One caveat of training more recent neural networks is that modern architectures often have a batch normalization layer, which inherently assumes that the data distribution is uniform across different batches, which is not the case that we are interested in. In principle, we could also flow the batch information through the network in a decentralized way; however, we leave this as future work.
By default, each worker only has exclusive access to a subset of classes. For TransferLearning, we use 16 workers and each worker has access to one class; for LeNet, we use 5 workers and each worker has access to two classes. For comparison, we also consider a case when the datasets is first shuffled and then uniformly partitioned among all the workers, we call this the shuffled case, and the default one the unshuffled case. We use a ring topology for both experiments.

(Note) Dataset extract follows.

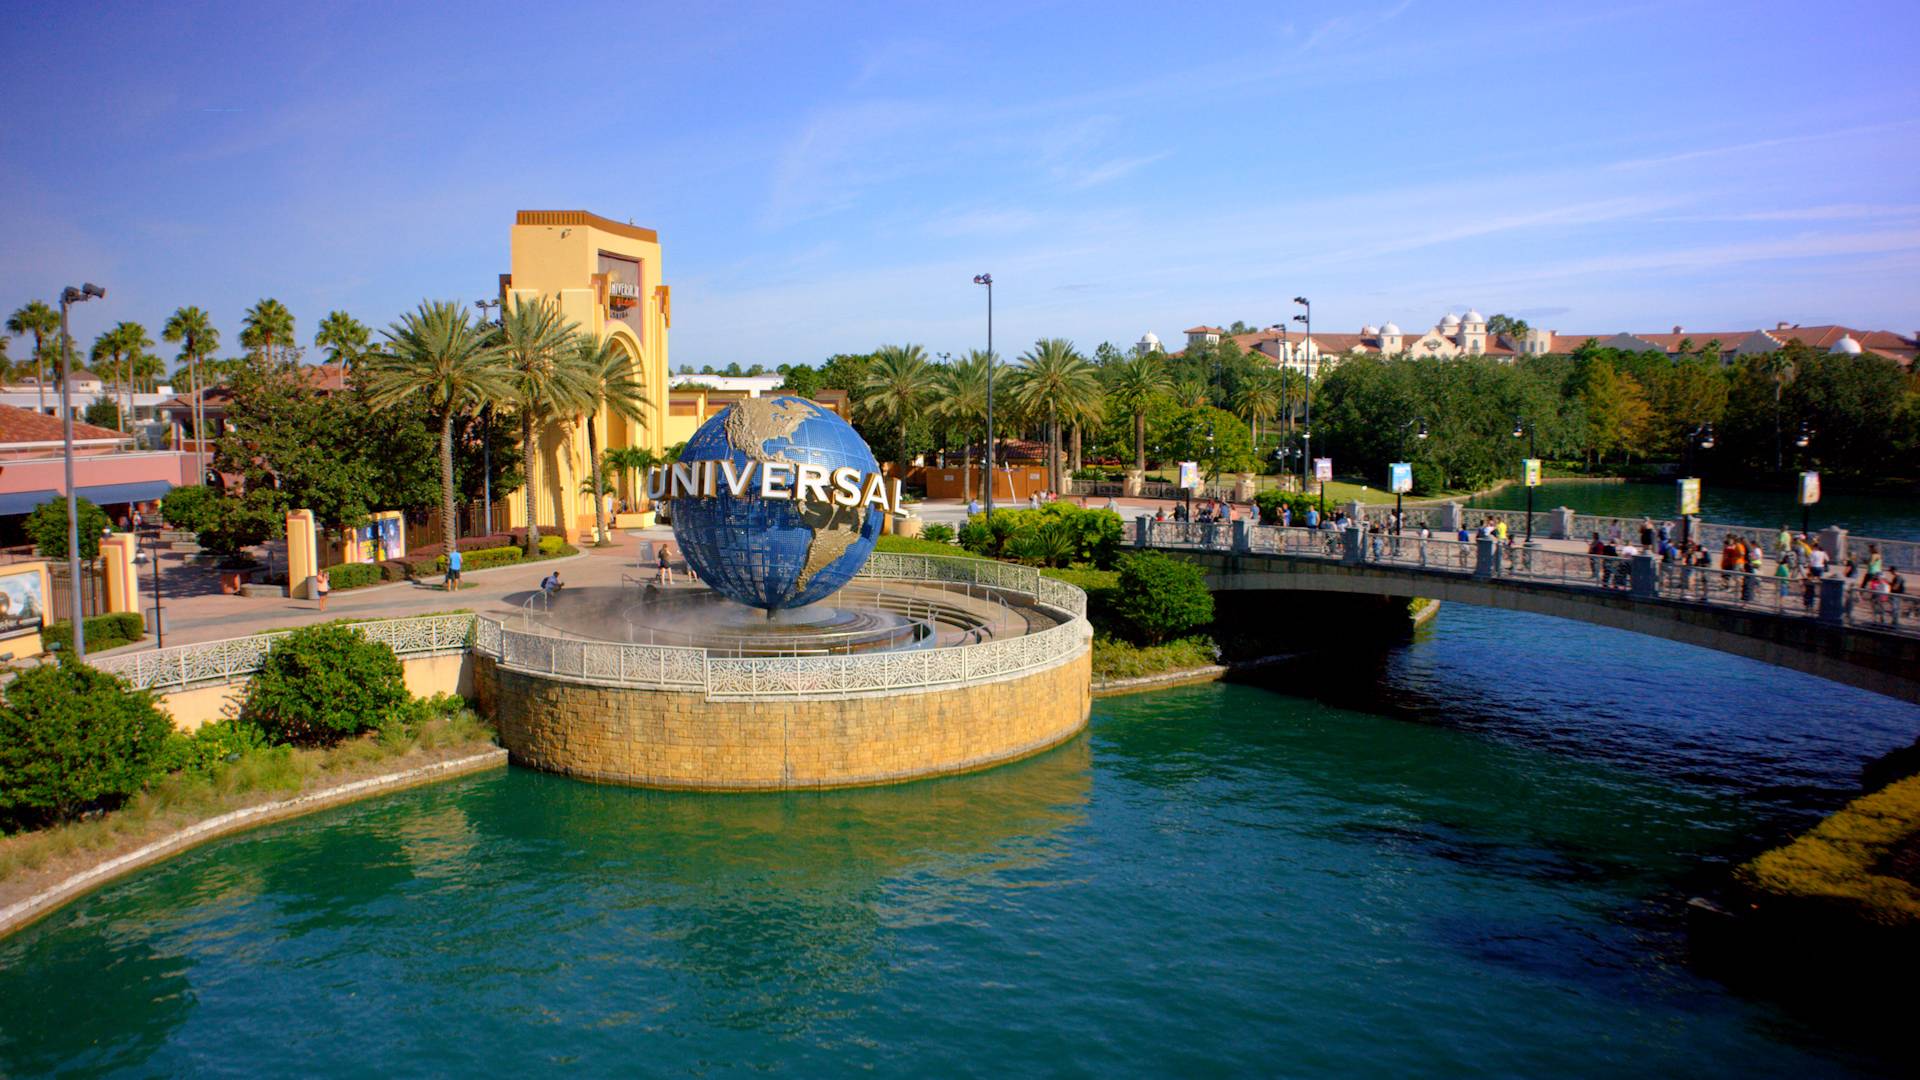 ©2021 Universal Orlando. All Rights Reserved.

Parameter Tuning. For TransferLearning, we use constant learning rates and tune it from {0.01, 0.025, 0.05, 0.075, 0.1}. For LeNet, we use constant learning rate 0.05 which is tuned from {0.5, 0.1, 0.05, 0.01} for centralized algorithms and batch size 128 on each worker.

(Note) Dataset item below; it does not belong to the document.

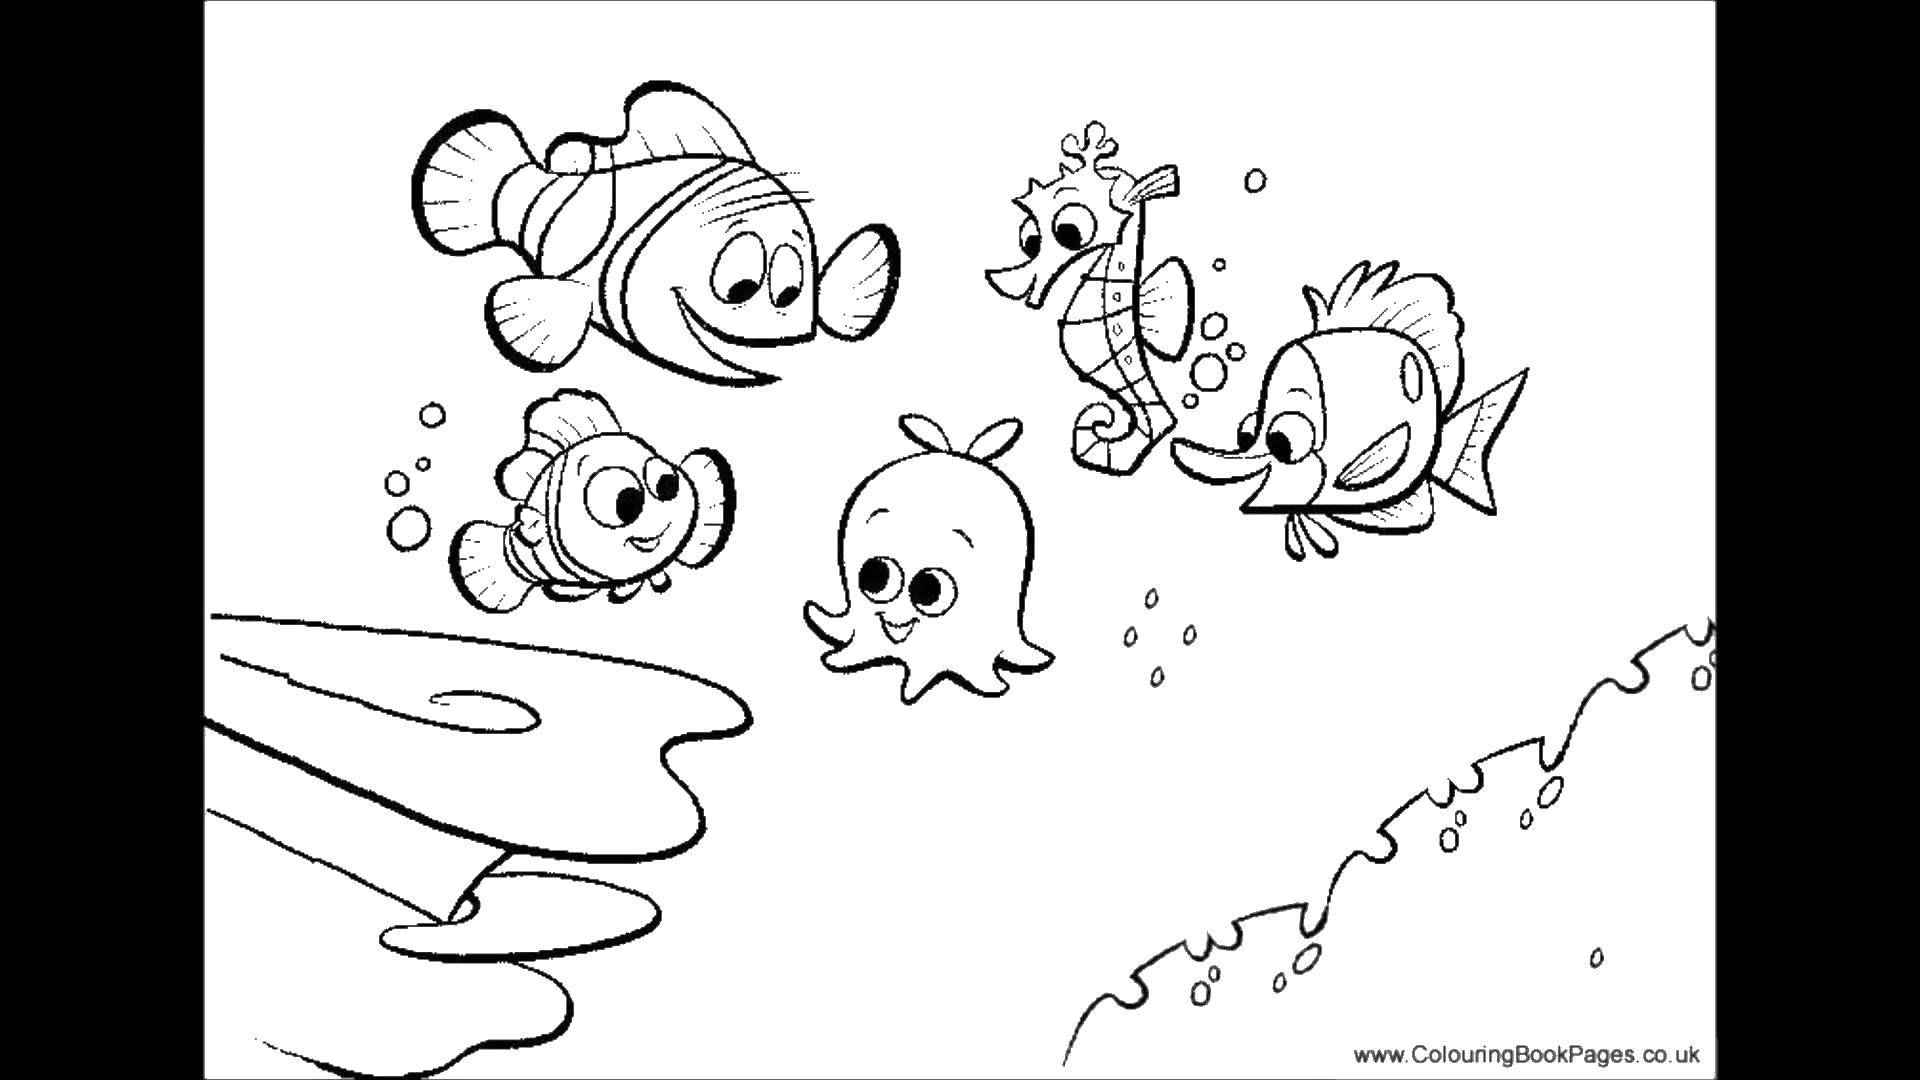 Coloring Nemo and friends. Category Sea animals. Tags:  Underwater world, fish.

Metrics. In this paper, we mainly focus on the convergence rate of different algorithms instead of the wall clock speed. This is because the implementation of D2 is a minor change over the standard D-PSGD algorithm, and thus they has almost the same speed to finish one epoch of training, and both are no slower than the centralized algorithm. When the network has high latency, if a decentralized algorithm ( or D-PSGD) converges with a similar speed as the centralized algorithm, it can be up to one order of magnitude faster Lian et al. (2017a). However, the convergence rate depending on the “outer variance” is different for both algorithms.
2 Unshuffled Case
We are mostly interested in the unshuffled case, in which the data variation across workers is maximized. Figure 1 shows the result. In the unshuffled case, we see that the D-PSGD algorithm convergences slower than the centralized case. This is consistent with the original D-PSGD paper (Lian et al., 2017a). On the other hand, D2 converges much faster than D-PSGD, and achieves almost the same loss as the centralized algorithm. For the LeNet case, each worker only has access to data of assigned two labels, which means the data variation is very large. The D-PSGD does not converge with the the given learning rate 0.05.We can tune the learning rate 50x smaller for D-PSGD to converge in this case, but doing so will make D-PSGD stuck at the starting point for quite a long time.
3 Shuffled Case
As a sanity check, Figure 2 shows the result of three different algorithms on the shuffled data. In this case, the data variation of among workers is small (in expectation, they are drawn from the same distribution). We see that, all strategies have similar convergence rate. This validate that the D2 algorithm is more effective for larger data variation between different workers.
Conclusion
In this paper, we propose a decentralized algorithm, namely, D2 algorithm. D2 algorithm integrates the D-PSGD algorithm with the variance reduction technology, by which we improves the convergence rate of D-PSGD. The variance reduction technology used in this paper is different from the commonly used ones such as SVRG and SAGA, that are designed for centralized approaches. Experiments validate the advantage of D2 over D-PSGD — D2 converges with a rate that is similar to centralized SGD while D-PSGD does not converge to the a solution with a similar quality when the data variance is large. While being robust to large data variance among workers, the same performance benefit of D-PSGD over the centralized strategy still holds for D2.